Abdurrahman Wahid atau yang lebih akrab dipanggil Gus Dur dikenal sebagai tokoh peletak dasar toleransi di Indonesia. Semasa hidupnya Gus Dur memiliki banyak warisan yang berkaitan dengan perjuangan hak-hak hidup kalangan minoritas.
Ketua Umum Pemuda Muhammadiyah Sunanto mengungkapkan, semangat toleransi yang diusung oleh Gus Dur lahir dari keterbukaan pikiran yang ia serap dari berbagai buku yang dibaca.
Tak hanya menguasai materi dalam khasanah keilmuan Islam, tetapi Gus Dur juga dikenal menguasai filsafat timur dan barat serta berbagai kebudayaan di berbagai bangsa.
"Makanya kalau sekarang ada yang bakar buku menurut saya agak aneh. Kita harus bebaskan orang untuk membaca karena itu pintu toleransi," katanya dalam peringatan haul Gus Dur ke-10 di Cikini, Jakarta, Sabtu (4/1).
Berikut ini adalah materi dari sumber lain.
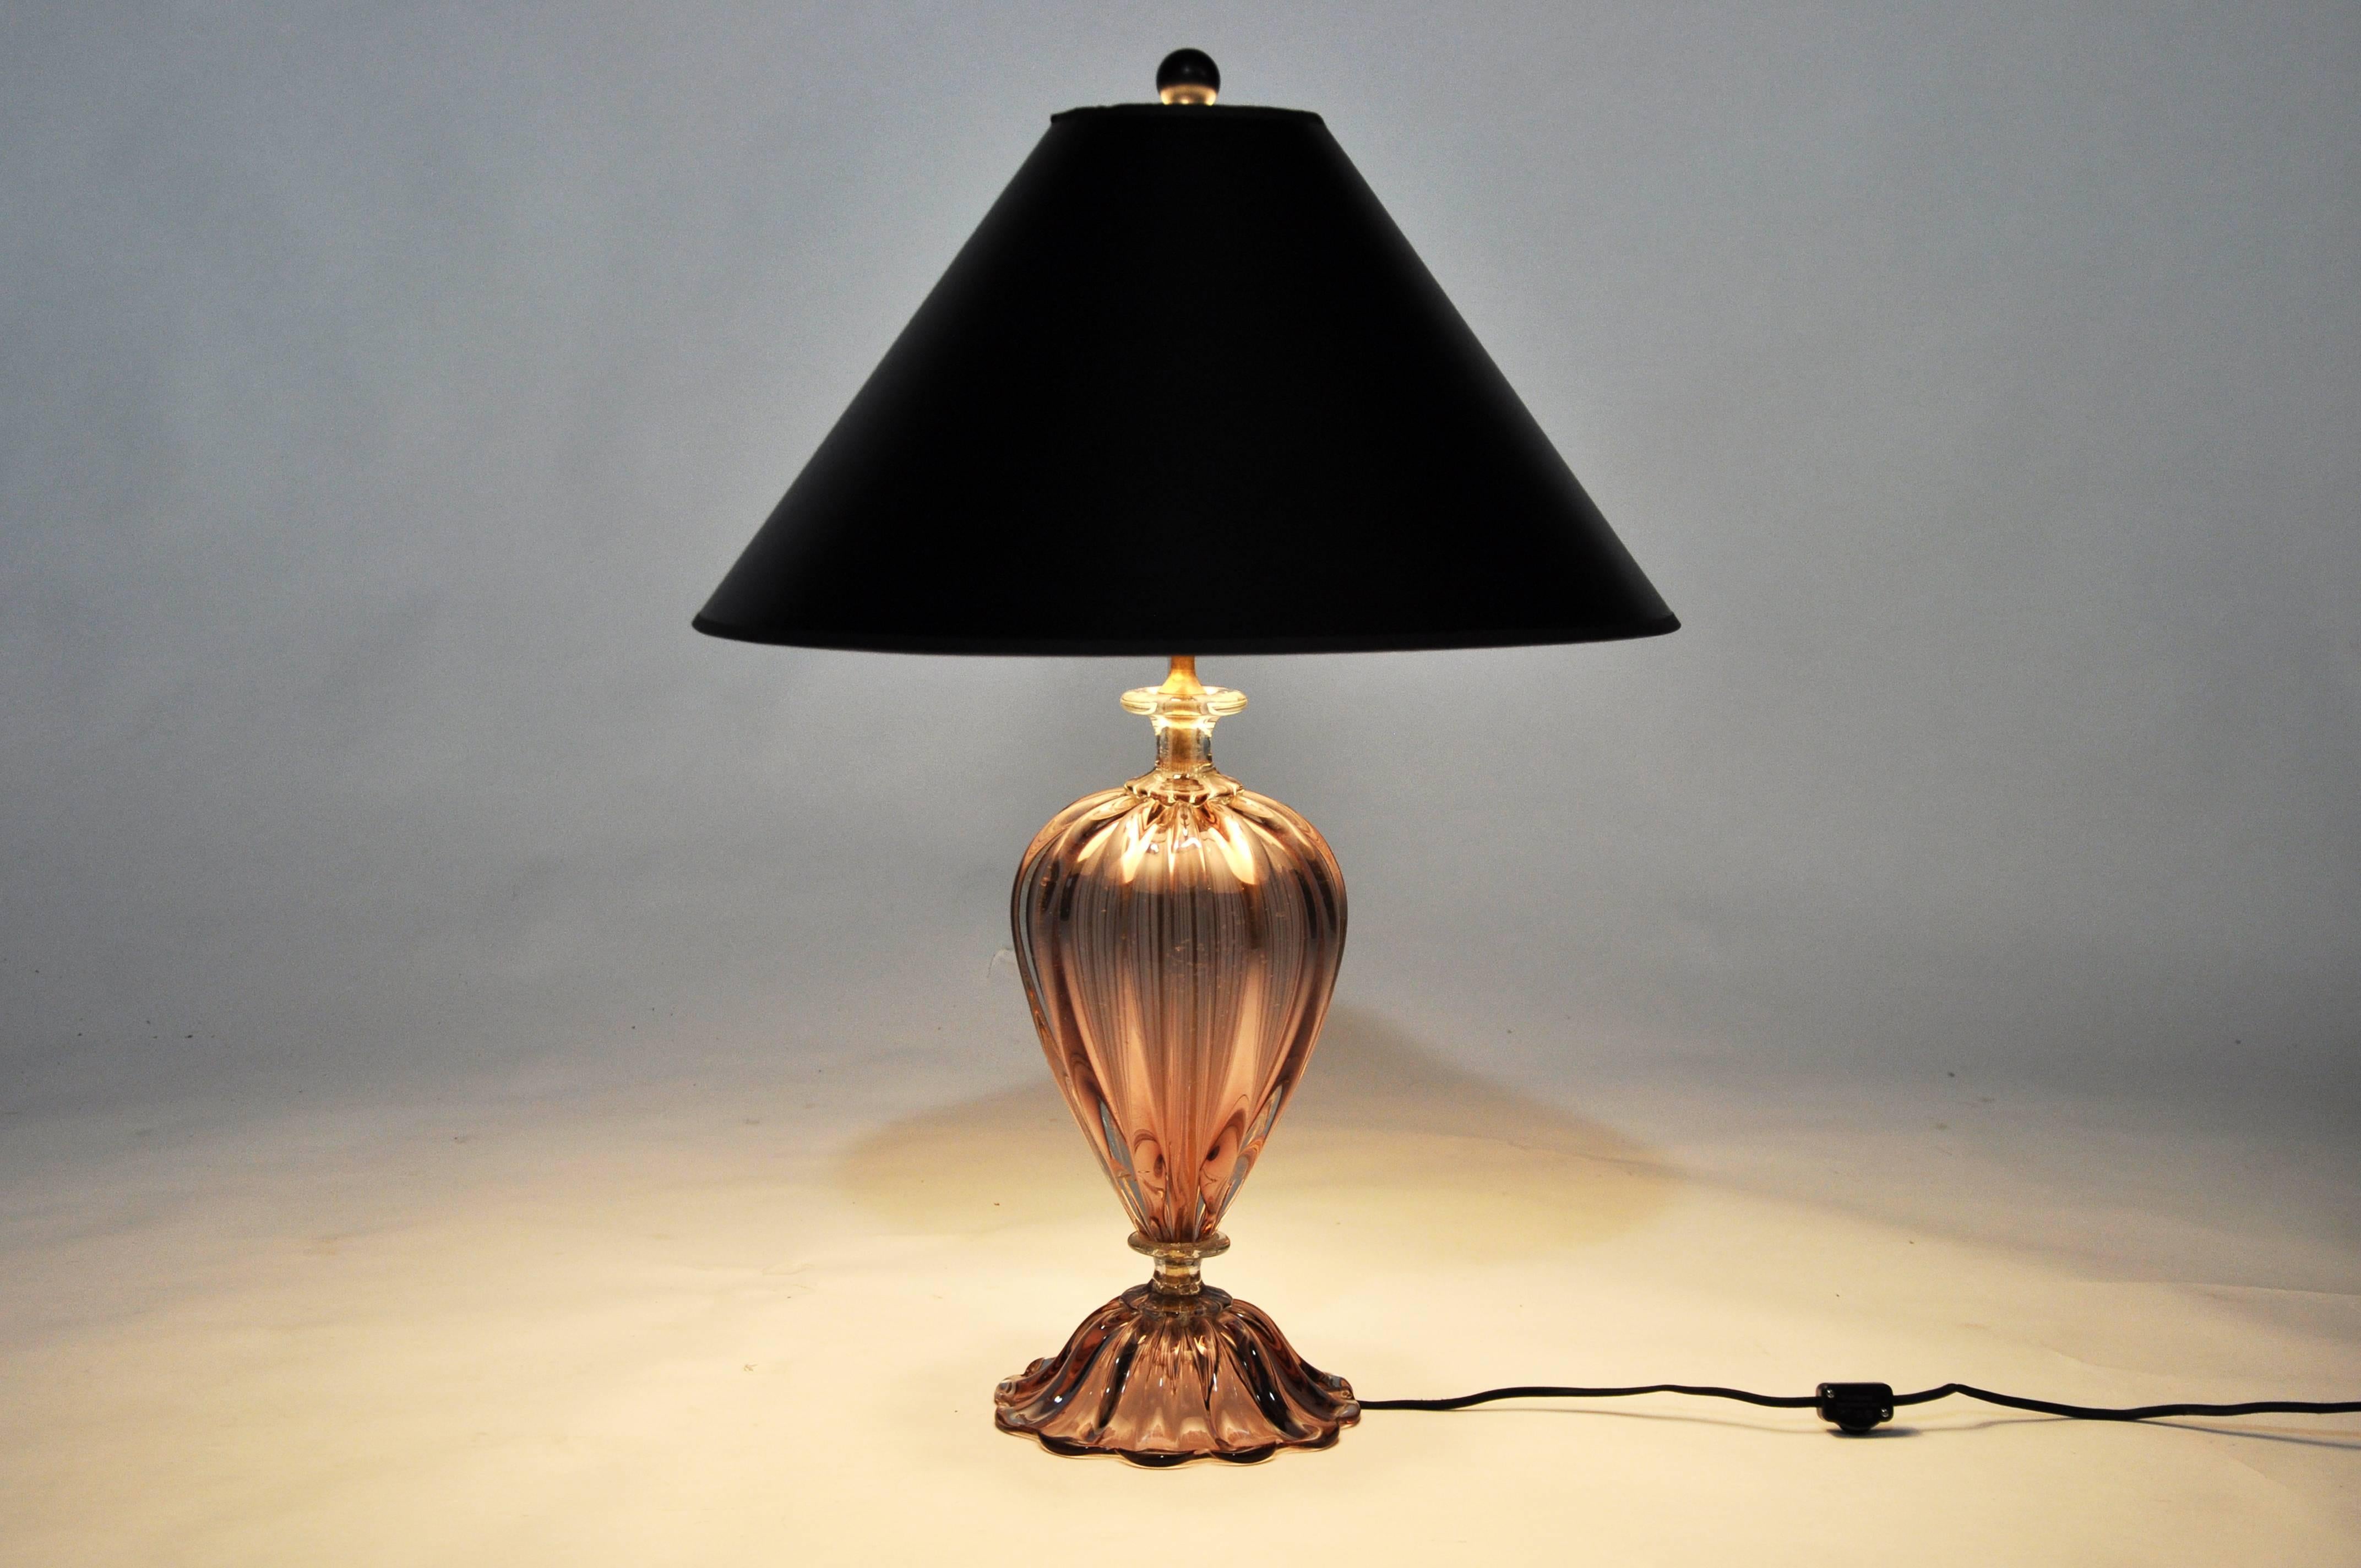 This elegant pair of Murano glass lamps by Bravier & Toso are from Italy, circa 1960. Barovier & Toso is an Italian company that specializes in Venetian glass. The company is one of the oldest family businesses in the world, founded in 1295 as
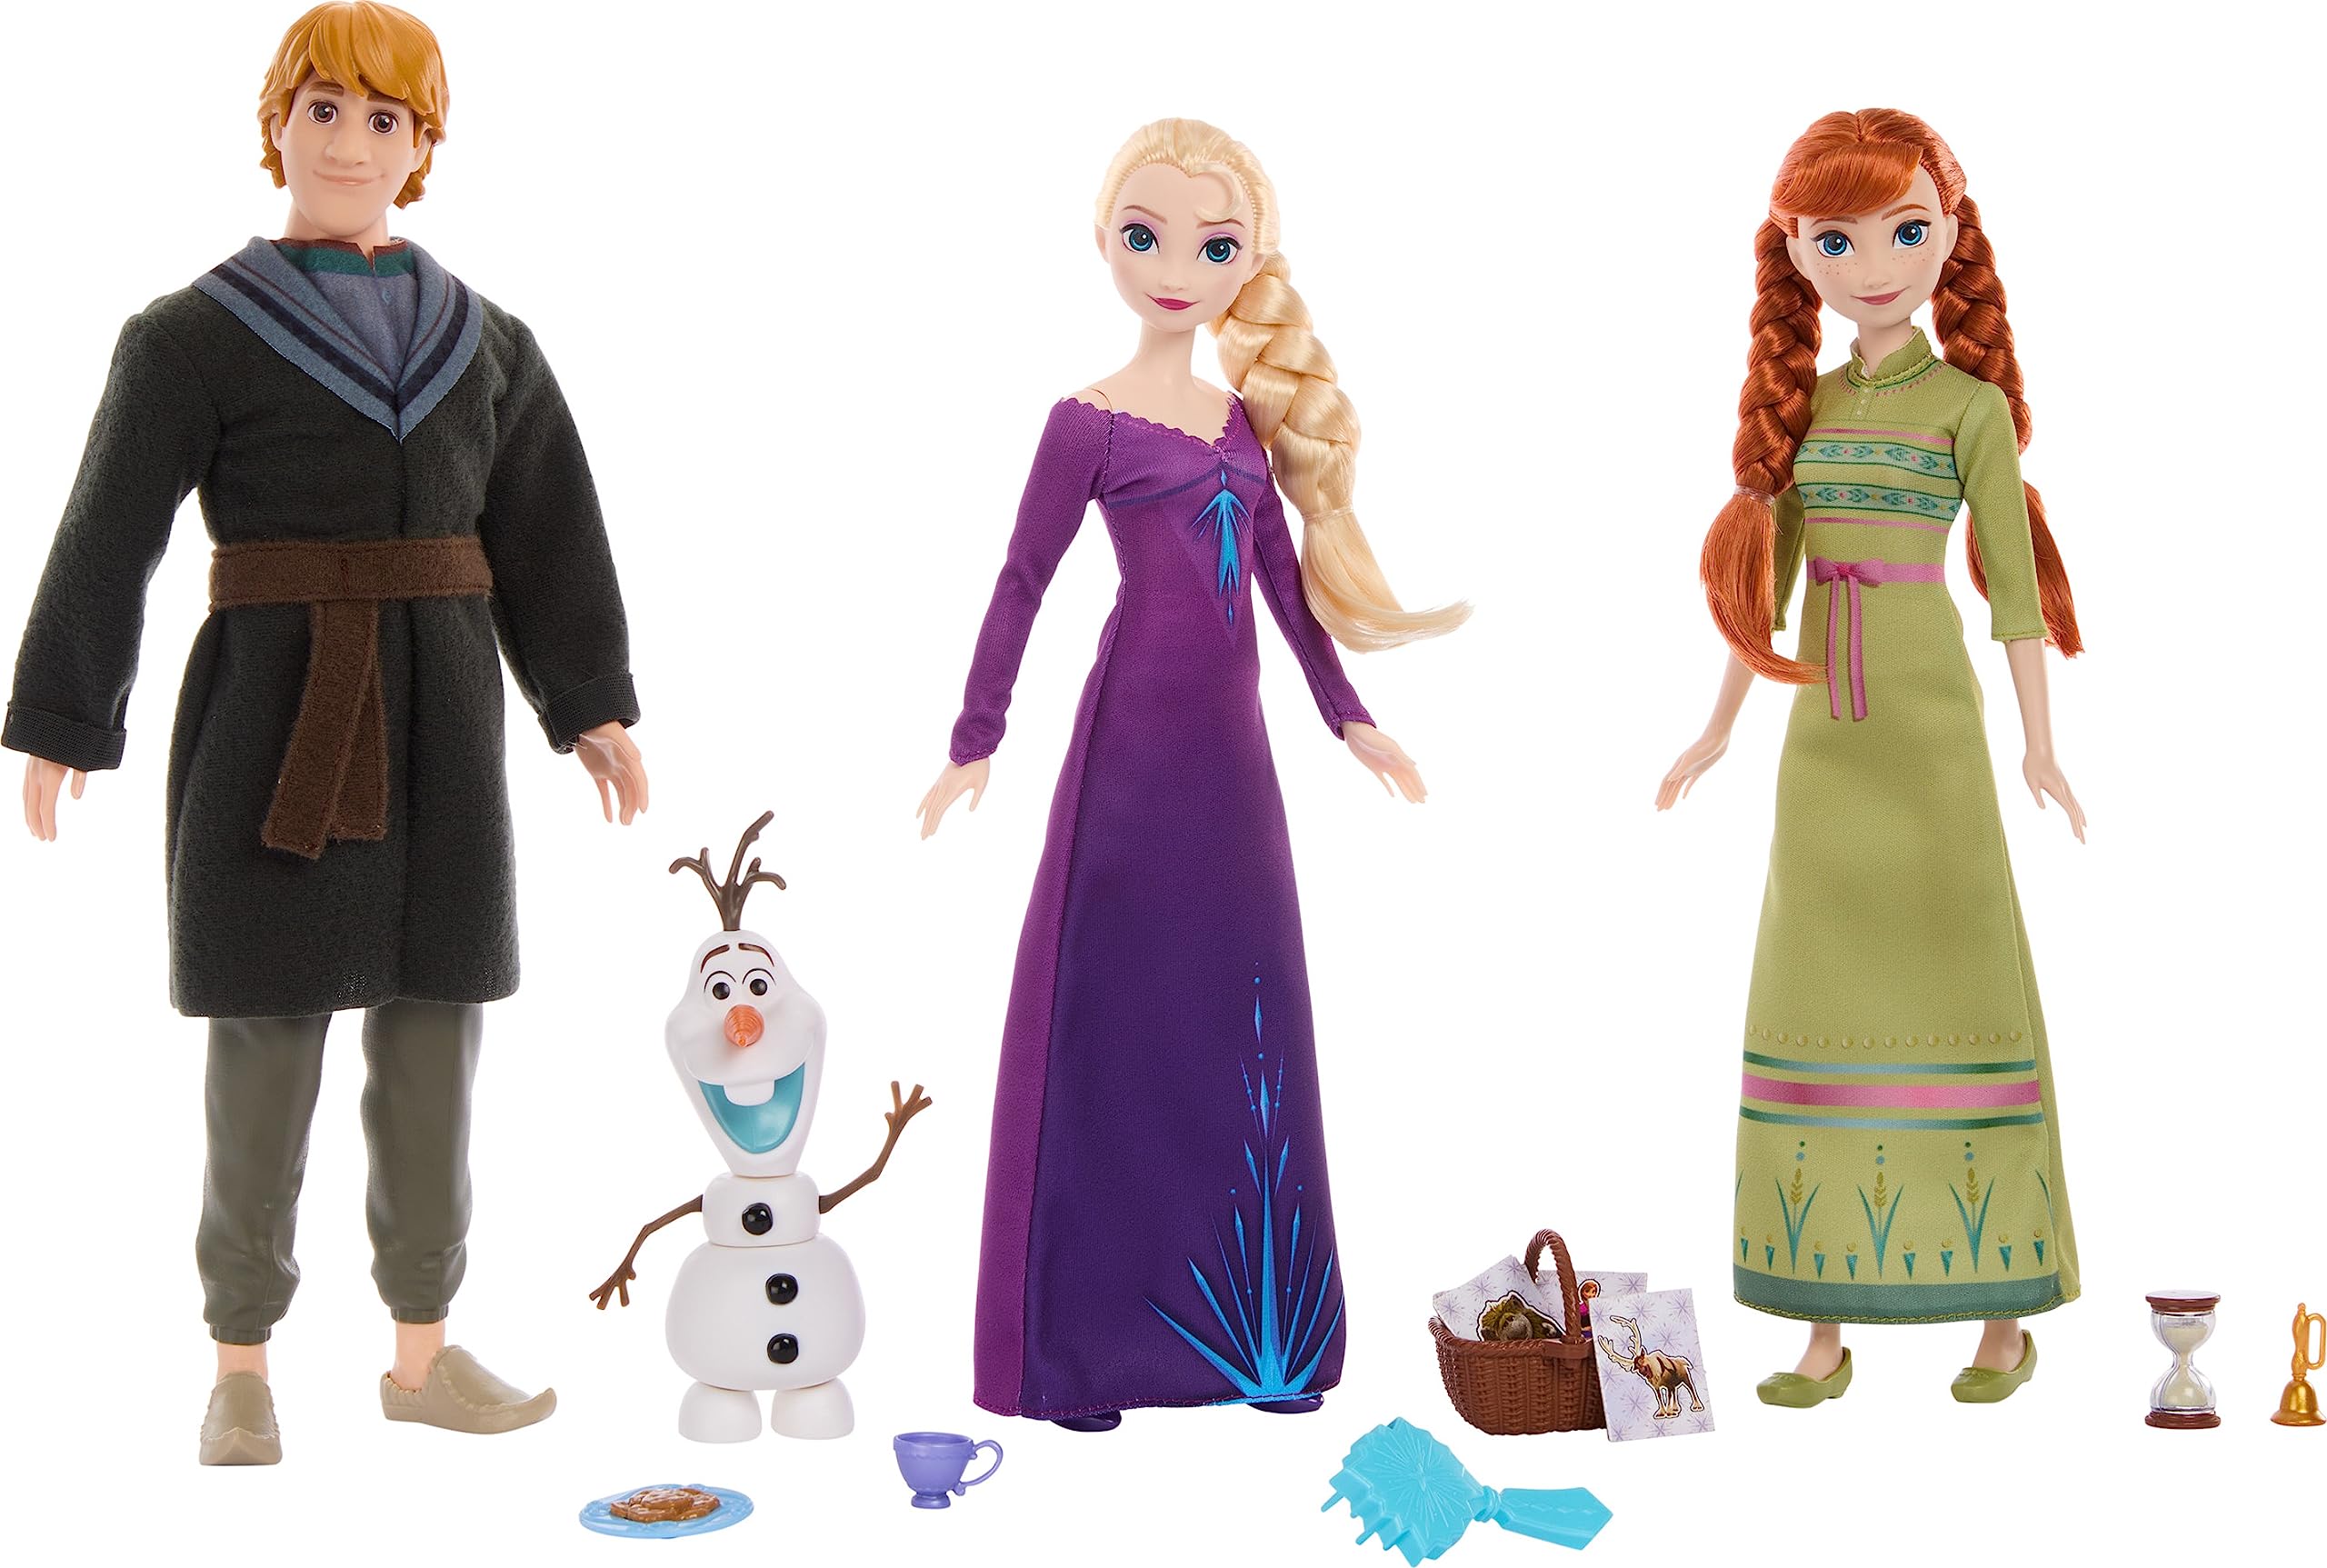 Disney Frozen 3-Doll Charades Set with Fashion Dolls Anna, Elsa and Kristoff, Plus Posable Olaf Figure and 12 Accessories from Disney’s Frozen 2

Kalau akses terhadap bacaan dibatasi, kesempatan untuk memahami persoalan dari berbagai sisi akan tertutup. Itu sebabnya Gus Dur, memiliki sifat berpikir dan berperilaku terbuka sehingga dapat mengayomi semua golongan.
"Kalau kita membakar buku pikiran tidak akan terbuka. Gus Dur itu berpikir dan berperilaku itu terbuka," ujarnya.
Di samping itu, meski berasal dari keluarga priayi organisasi keagamaan Nahdlatul Ulama dan merupakan cucu dan anak dari tokoh kiai besar, Gus Dur tidak pernah merasa dirinya lebih benar.
Lahir dari lingkungan santri yang kental dan menguasai pemahaman pemikiran islam yang luas, namun pemahaman Gus Dur tersebut tidak pernah digunakan untuk melukai kelompok agama lain.
Sunanto menuturkan, Gus Dur lebih mengedepankan toleransi dan keberagaman dibandingkan mengedepankan keakuan diri atau kelompok. Hal ini yang juga dijalankan Gus Dur selama menjabat sebagai presiden keempat Indonesia.
"Gus Dur lahir dari keluarga yang mapan tetapi tidak pernah membedakan cara pandangnya terhadap orang, meski dia bisa. Dia punya pemahaman keagamaan yang sangat kuat tetapi dia tidak pernah melukai orang karena keagamaannya," ucapnya.